Ingest a file path or list of paths. Skips unchanged documents (hash-based). Auto-discovers schema if none is set.

  • pathstr or list[str]
  • on_progress — optional (current: int, total: int) -> None callback

Returns {"new": int, "changed": int, "unchanged": int}.

query(question, evolve=False, history=None, fallback=False) → str

Ask a question. The LLM routes to semantic search, SQL, or both.

  • evolve=True — after answering, check for schema gaps and add detected fields automatically
  • history — list of prior {"role": ..., "content": ...} messages for multi-turn conversation
  • fallback=False — when SQL fails (missing column or no rows), block fallback to semantic search to avoid incomplete answers. Set to True to allow the fallback with an incompleteness warning appended

Use rag.last_history to get the updated history after each call for follow-up questions. Use rag.last_sql to inspect the SQL that was generated (if any).

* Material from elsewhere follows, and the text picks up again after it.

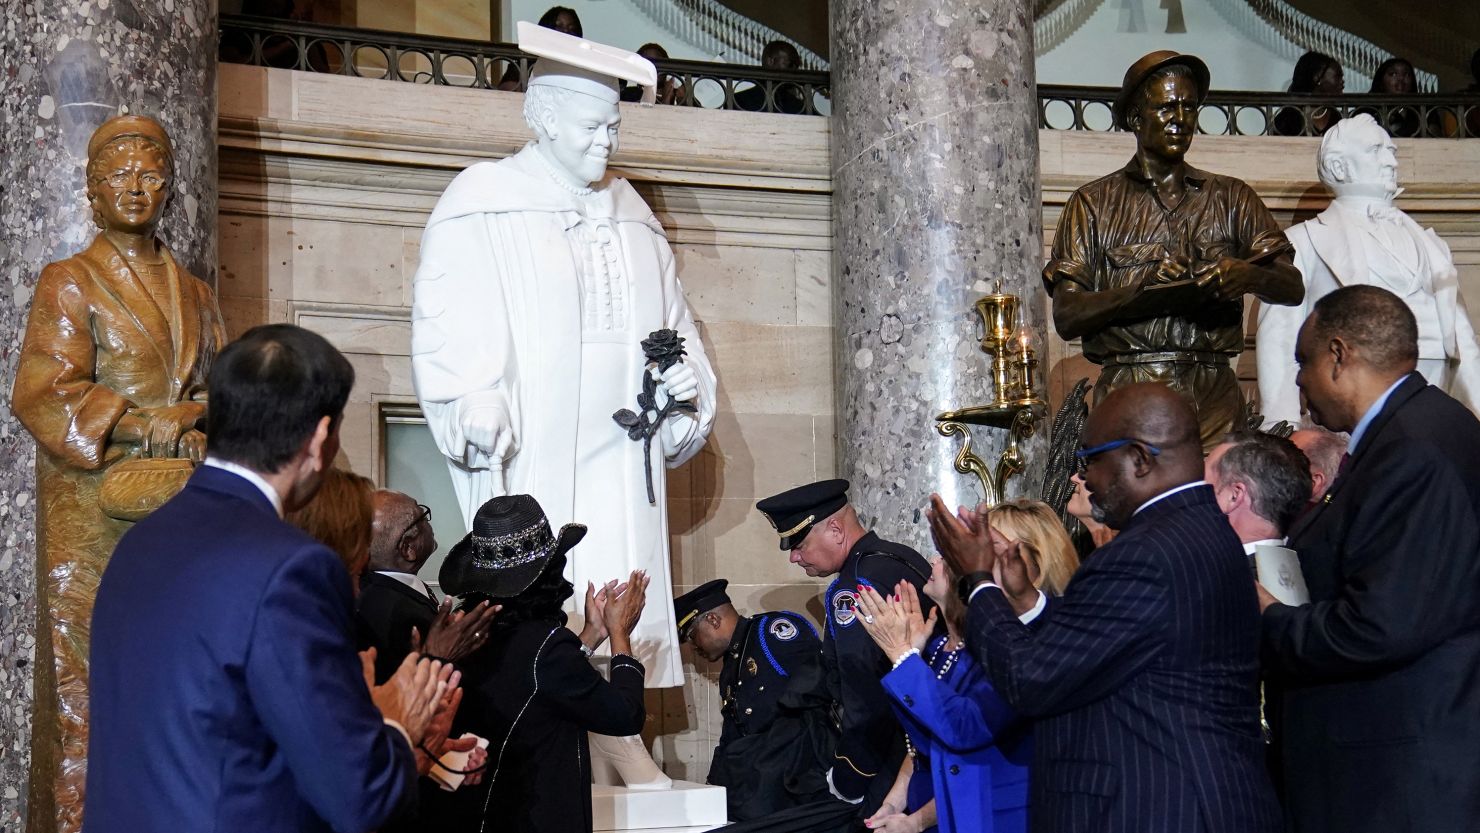 Congressional leadership and family members unveil a statue on Wednesday of Dr Mary McLeod Bethune in Statuary Hall at the U.S. Capitol in Washington.

backfill(on_progress=None) → dict

Extract values for all unpopulated fields from already-stored chunks. Prunes fields that remain entirely NULL after backfill.

  • on_progress — optional (current: int, total: int) -> None callback

Returns {"populated": [field names], "pruned": [field names]}.

add_field(field: MetadataField) → None

Add a new field to the live schema and the SQLite database. Call backfill() afterward to populate it from existing documents.